Le Prix Princesse des Asturies
Chaque année, depuis maintenant trois ans, la princesse prononce un discours à l’occasion de la remise du Prix Princesse des Asturies qu’elle préside. Prix le plus prestigieux de la péninsule ibérique il est délivré depuis 1981 par la fondation « Prince des Asturies », devenue en 2014 avec l’accession au trône de Felipe VI, « Fondation Princesse des Asturies ». Ce prix récompense des travaux d’envergures internationales dans huit catégories : arts, sports, sciences sociales, communication et humanités, concorde, coopération internationale, recherche scientifique et technique, et lettres. Lors de l’édition 2021, qui s’est tenue il y a quelques semaines, la princesse a fait un discours remarqué mêlant l’espagnol et le catalan avec une aisance incroyable, qu’elle a conclu sous une ovation : « Demain se construit avec le travail d’aujourd’hui, et vous le faites déjà. Nous les jeunes, sommes l’énergie qui impulse cette transformation. » a déclaré l’infante.
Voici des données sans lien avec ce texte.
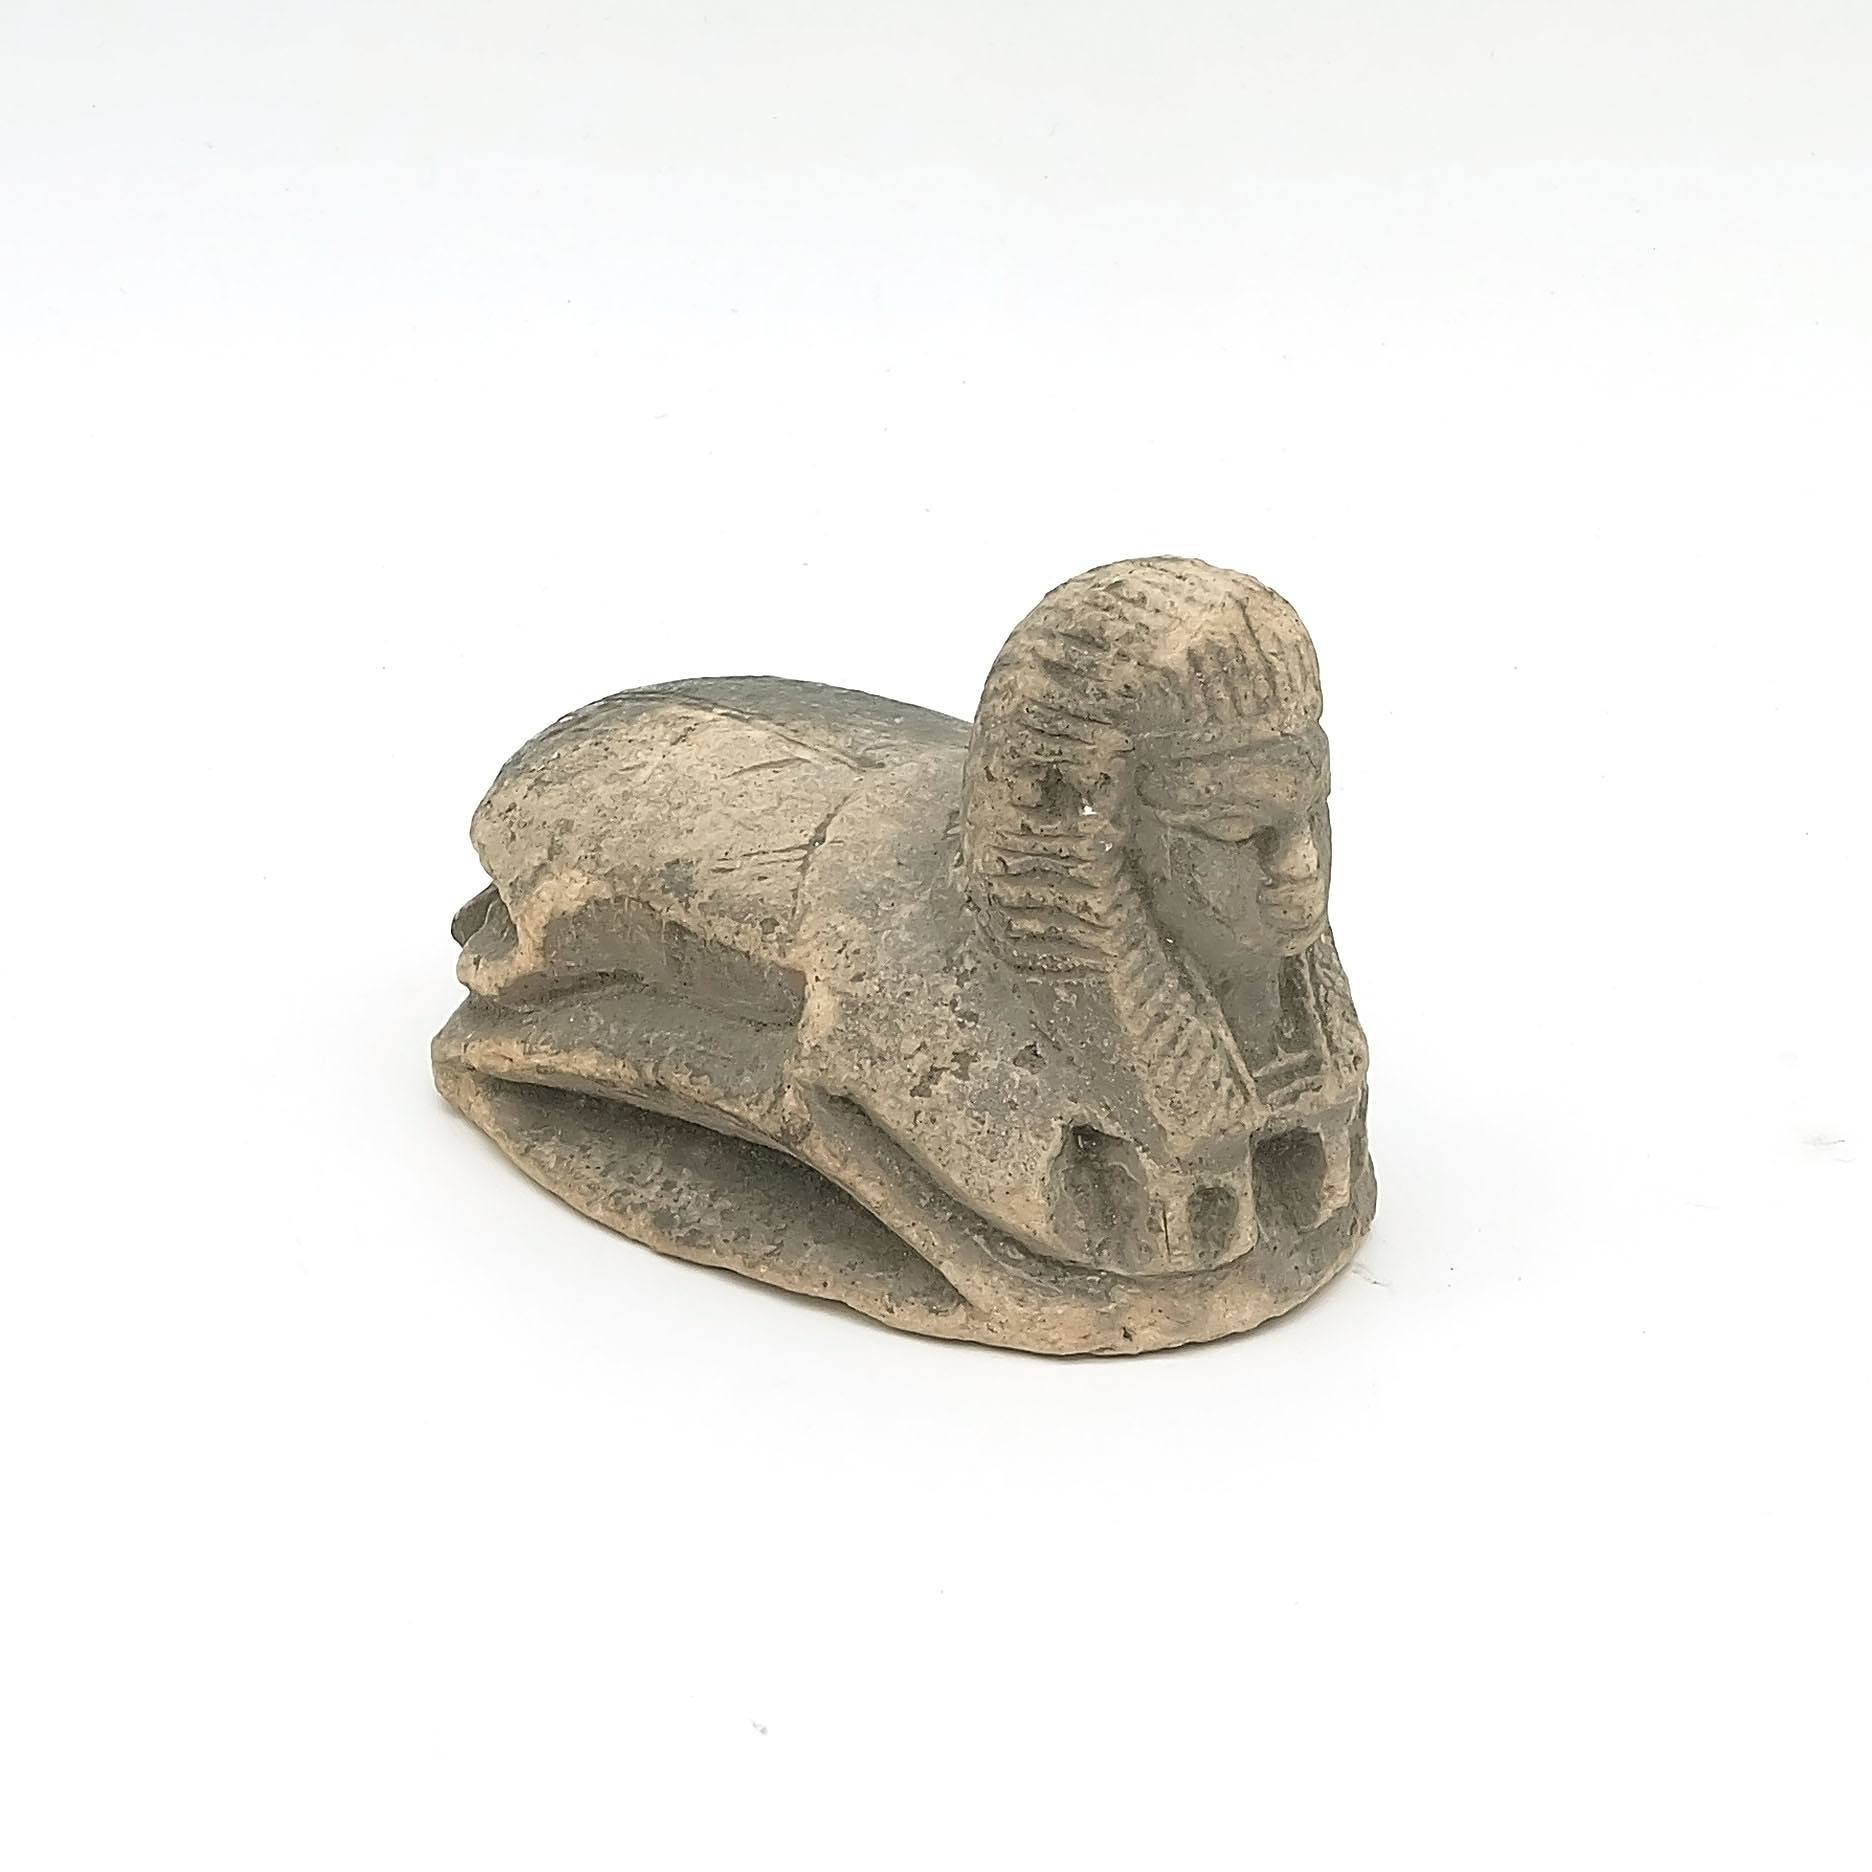 'Egyptian Carved Stone Scarab Sphinx with Hieroglyphs, Grand Tour Period Early 20th Century'

Consciente du titre qu’elle porte, elle n’a pas hésité à faire un retour attendu en Espagne. En effet, en septembre de cette année, elle a intégré l’Atlantic collège, prestigieux établissement du Pays de Galles, surnommé « l’école des rois », dans lequel elle prépare un baccalauréat international. Elle a notamment pour camarade de classe la princesse Alexia des Pays-Bas, fille cadette du roi des Pays-Bas ou encore la princesse héritière Élisabeth de Belgique. Fondé dans les années 1960 par l’allemand Kurt Hahn qui fut le précepteur de la reine Sofia, l’établissement défend des principes de tolérances, de paix et de justice sociale. Avenir de la monarchie, la princesse Léonor aura pour mission, une fois sur le trône, de représenter et de consolider l’institution royale. Nul doute que d’ici-là ses parents seront présents à ses côtés pour l’épauler et la guider dans ses premiers pas déjà si prometteurs. Son avènement en tant que reine, la première depuis Isabelle II qui régna de 1839 à 1868, marquera incontestablement un tournant dans l’Histoire de l’Espagne et de la Couronne.